After ZFS dataset creation, pkg installs CBSD and CBSD is initialized. I have few tips for the initialization, as it's interactive: don't enable NAT, use 172.16.0.1 for DNS and "10.0.0.0/16 10.0.0.1/32" for IP range. Although CBSD does great job at figuring out what PF rules it should insert/remove, I like all the rules in one place, /etc/pf.conf:

ext_if = "re0"
jail_if = "lo1"
bridge_if = "bridge1"

set skip on { lo0, $jail_if, $bridge_if }

scrub in all

nat on $ext_if from { ($jail_if:network), ($bridge_if:network) } to any -> ($ext_if)

block in log all
pass out all keep state
pass proto tcp to any port ssh
pass inet proto { icmp, igmp }

You can see lo1 and bridge1 interfaces, so they have to be configured. That's done in /etc/rc.conf:

cloned_interfaces="bridge1 lo1"
ifconfig_bridge1="description re0 172.16.0.1"
ifconfig_lo1="up"

A bit of an explanation is needed. First, lo1 will be used for jails, bridge1 for VMs. As CBSD does great job of automating VM management, it also creates bridge and tap interface(s). As I wanted the network part to be as static as possible, I'm creating bridge1 the way CBSD would and give it the IP which VMs will use as DNS server and gateway.
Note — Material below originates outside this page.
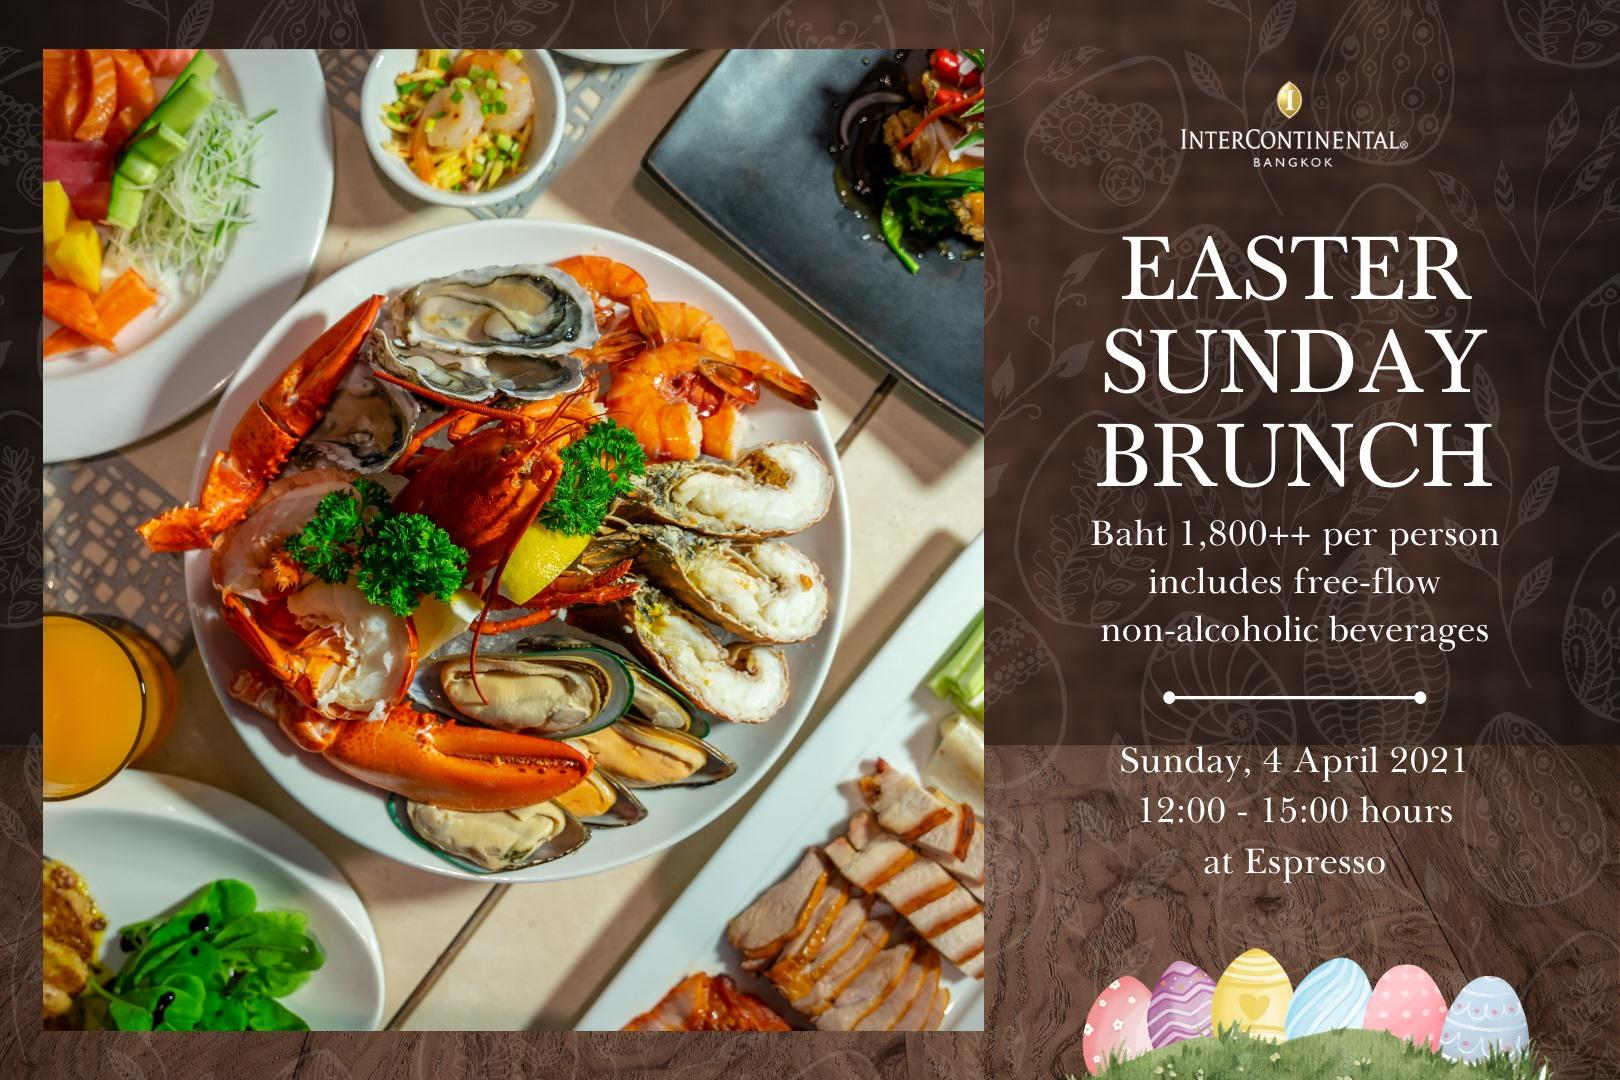 Easter Sunday Brunch at InterContientail Bangkok

My only network card on desktop is re0, hence the description. Disclaimer: all this CBSD network mangling is more appropriately done by patching /cbsd/vnet.subr and /cbsd/vnet-tui.subr.

You have to enable PF, of course. I like to do it in /etc/rc.conf.d directory for DevOps purposes I'll talk about later. There are two files for PF: pf and pflog.

/etc/rc.conf.d/pf:

pf_enable="YES"

/etc/rc.conf.d/pflog:

pflog_enable="YES"

As CBSD doesn't provide DHCP or DNS for VMs, we'll use DNSMasq. For devops on your desktop/laptop it's enough and even for small to mid size cloud setups it would work. On large scale deployments you probably have BIND, already. To enable DNSMasq, first make it start on boot.

/etc/rc.conf.d/dnsmasq:

dnsmasq_enable="YES"

You need to edit the config in /usr/local/etc/dnsmasq.conf. These are the options I changed:

domain=vm
dhcp-range=172.16.0.50,172.16.0.250,12h
interface=lo0
interface=bridge1
bind-interfaces
resolv-file=/usr/local/etc/dnsmasq.d/resolvconf
conf-dir=/usr/local/etc/dnsmasq.d/,*.conf

All options are present in the file initially, but commented out. In short, this config provides DHCP and DNS service only on bridge1 which is dedicated for VMs while allowing for on-the-fly VM info changing by including everything from /usr/local/etc/dnsmaq.d directory which ends with .conf.

For easier URLs, you can use DNSMasq as your DNS server through 127.0.0.1. To do that this is what you need to have in /etc/resolvconf.conf:

name_servers=127.0.0.1
dnsmasq_resolv=/usr/local/etc/dnsmasq.d/resolvconf

Whenever your DNS settings change, resolvconf will write the info into the file which will make DNSMasq re-read it.

The last thing to do is configure BHyve. You'll need to load the modules and let CBSD take care of the rest, so add these lines to /boot/loader.conf:

zfs_load="YES"
vmm_load="YES"
if_tap_load="YES"
if_bridge_load="YES"
nmdm_load="YES"

ZFS and VMM are self explainatory module names, while TAP and Bridge are two kinds of interfaces used to emulate network stack inside VM. Null Modem or nmdm is used to get the terminal output through a serial line and tmux.

Reboot and you should be able to create new jails and virtual machines:

# cbsd jconstruct-tui
# cbsd jstart <jail>
# cbsd jlogin <jail>
# cbsd jstop <jail>
# cbsd jremove <jail>

With cbsd jconstruct-tui you have to choose lo1 for the interface, once you're greeted with the dialog based form. Commands for VMs are the same, just prepend them with b instead of j, e.g. cbsd bconstruct-tui. The lo1 interface is only for jails, so for VMs you don't have to do anything special.

Nice thing about bstart is that it will start bhyve process in tmux so tmux a will open it. Another nice thing is that if booting from CD-ROM image, BHyve will wait for the VNC connection to start the boot process. That means that booting will not start the second you issued cbsd bstart, but once you start vncviewer localhost, so you can see all the messages.

Now, go and play with it a bit. Don't worry, you don't need any images or anything, CBSD will download them for you when you select appropriate template.